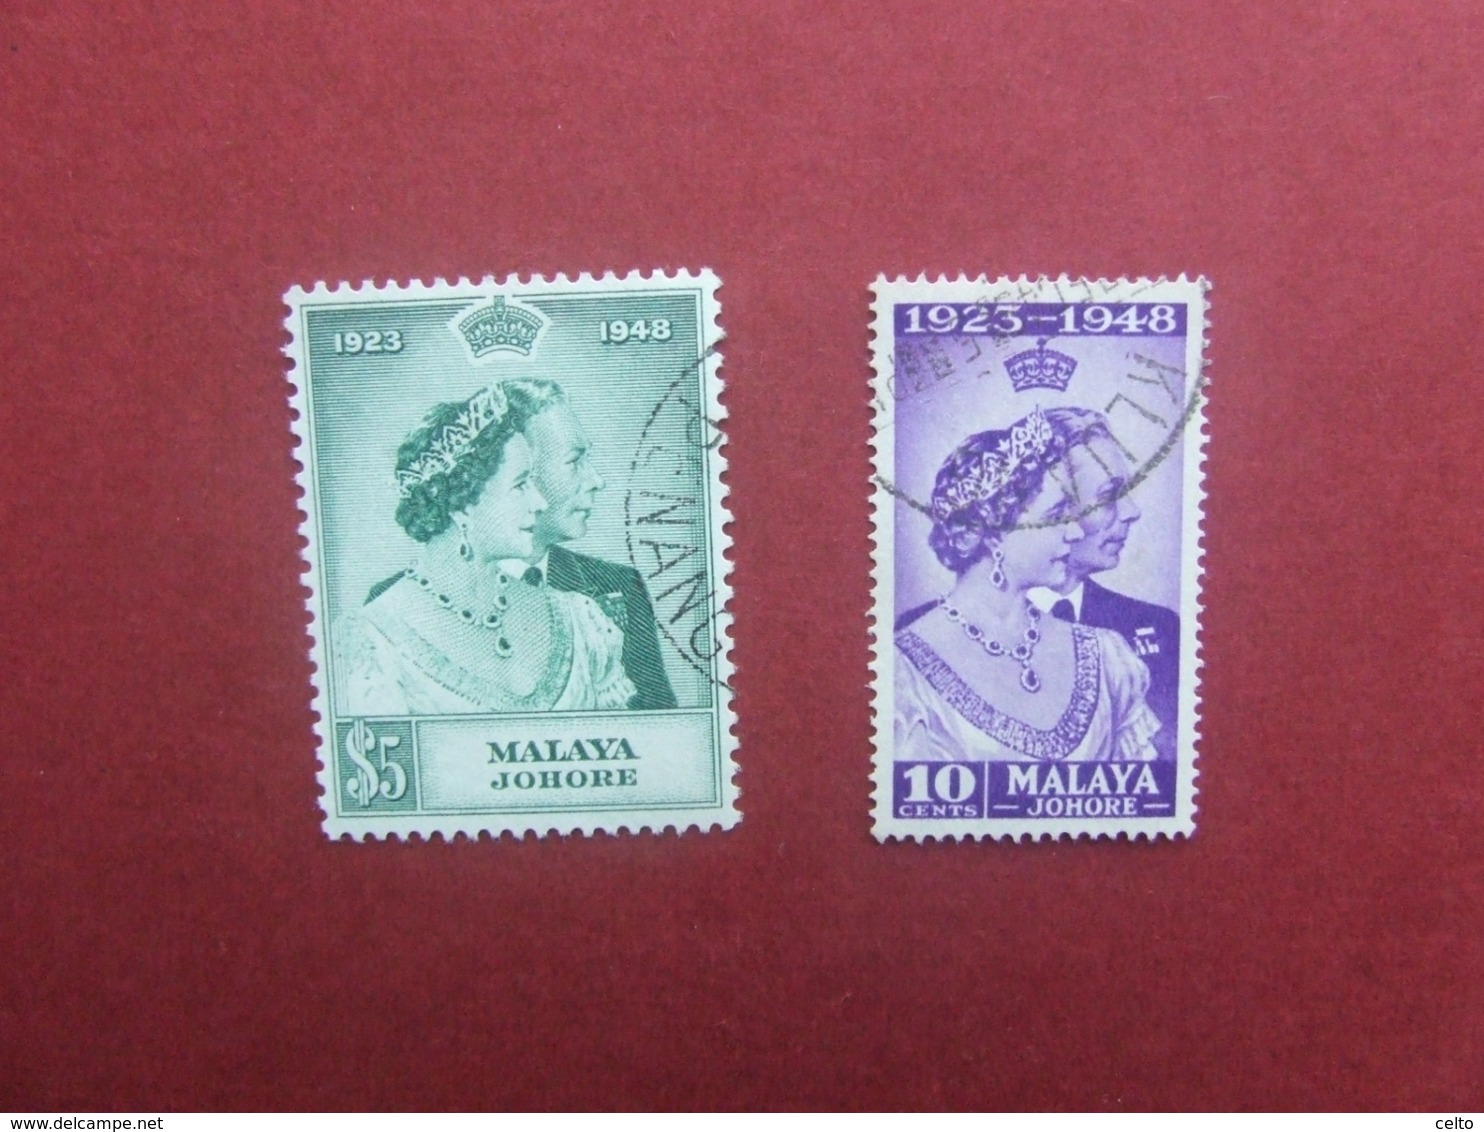 1948 MALAYA JOHORE USED SET - Johore
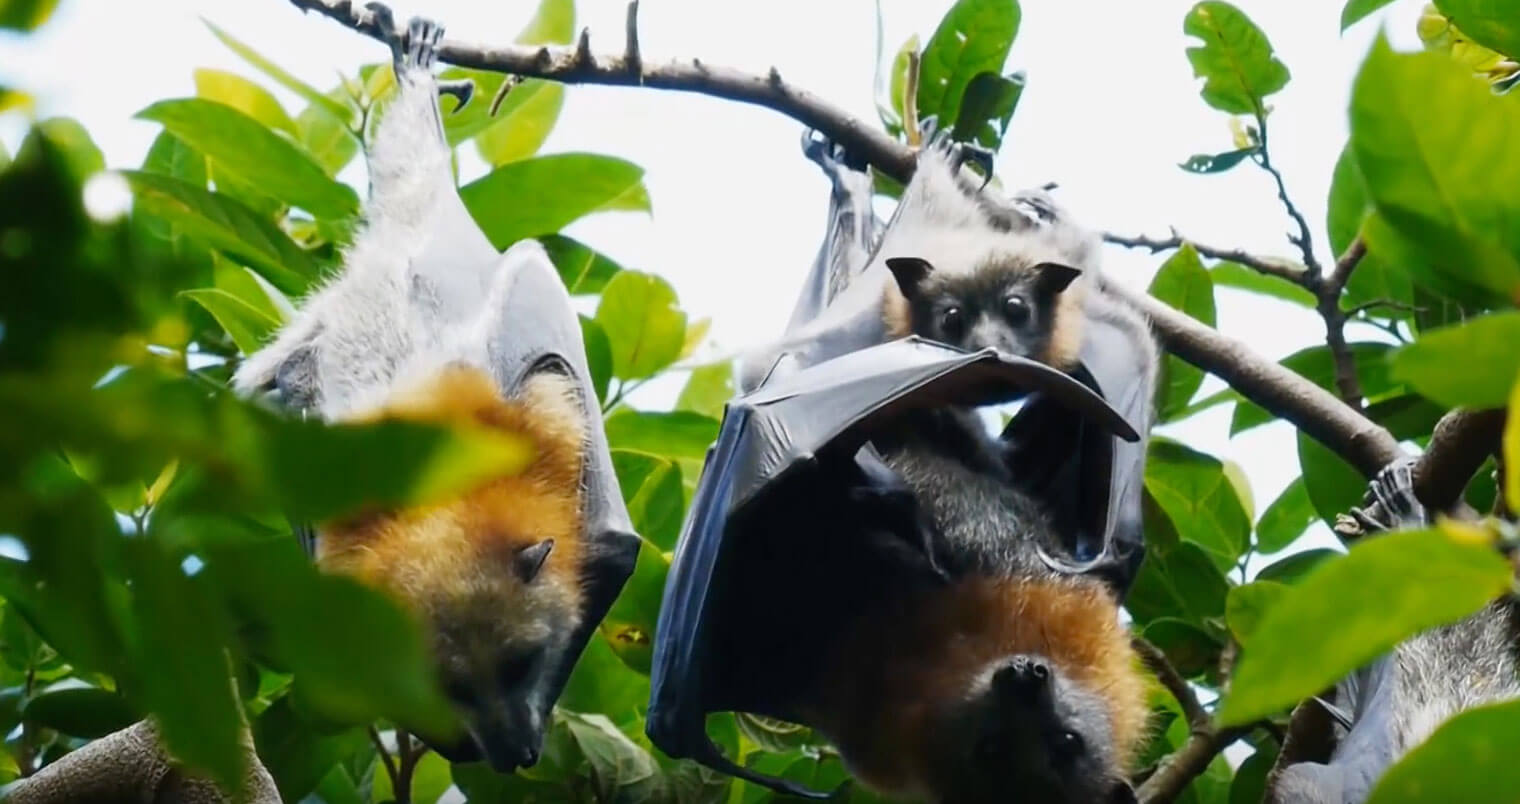 BACARDÍ Installs Bat Caves at Bottling Plant to Save Bats, featured image
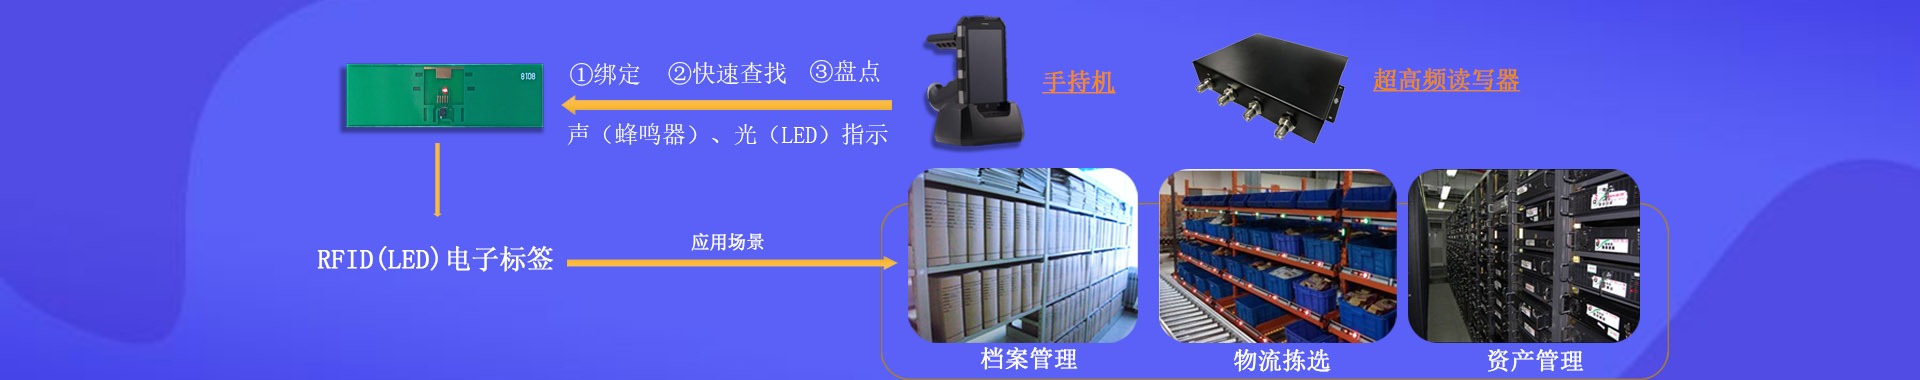 RFID智慧档案,仓储,资产管理解决方案-深圳铨顺宏
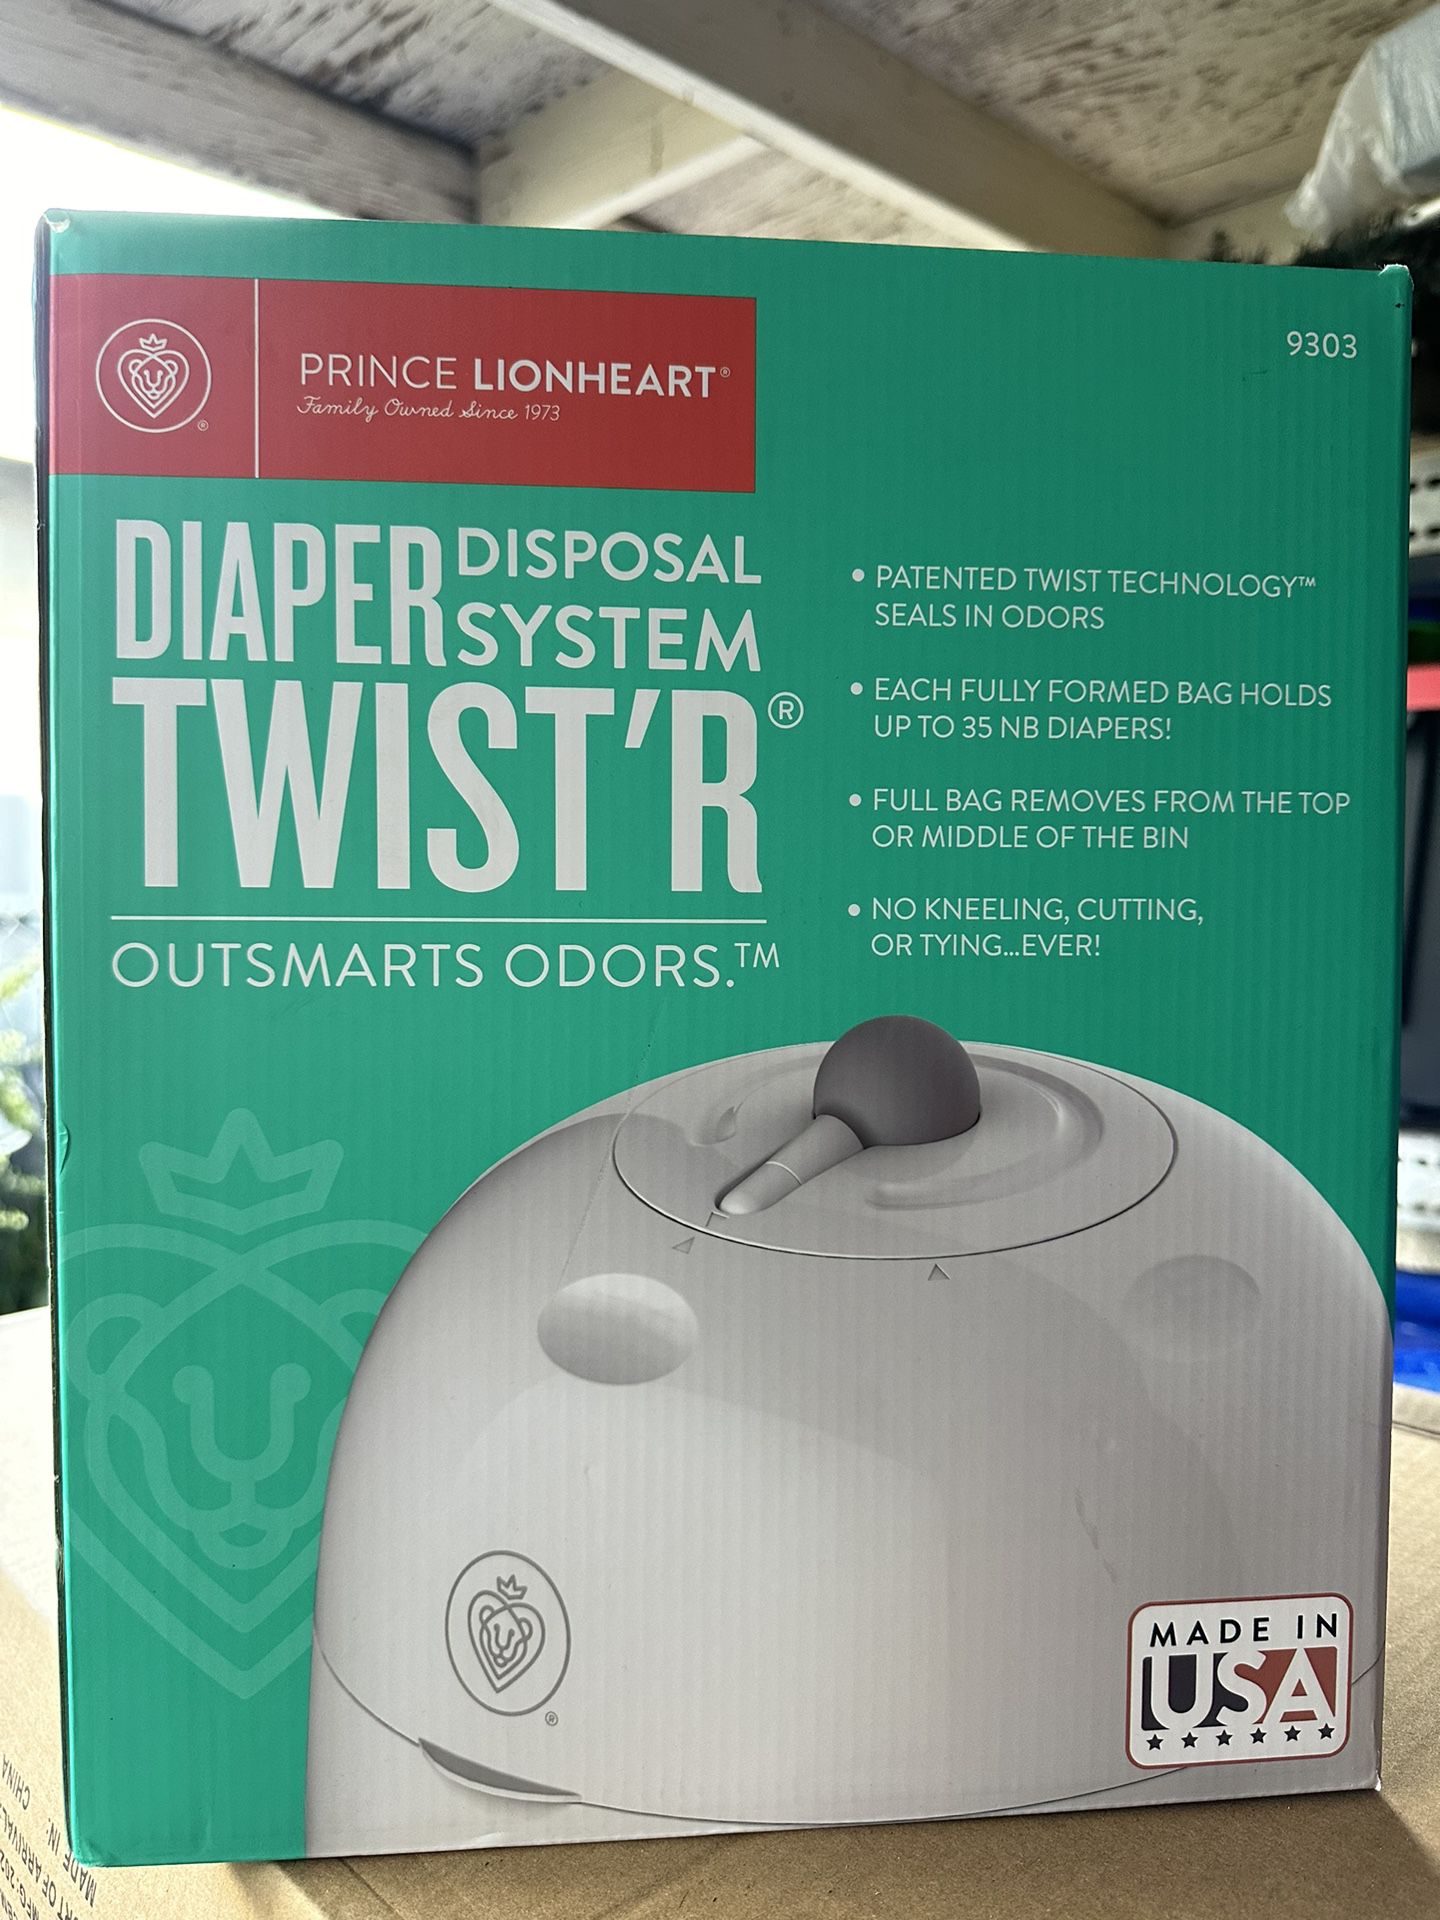 Diaper Disposal System Twister

** REQUIREMENT **
An exact reproduction of the lines from the line containing "BACARDÍ Installs Bat" through the end of the listing above is needed; pictures stay out.

** EXERCISE RESULT **
 BACARDÍ Installs Bat Caves at Bottling Plant to Save Bats, featured image
 RFID智慧档案,仓储,资产管理解决方案-深圳铨顺宏
 Diaper Disposal System Twister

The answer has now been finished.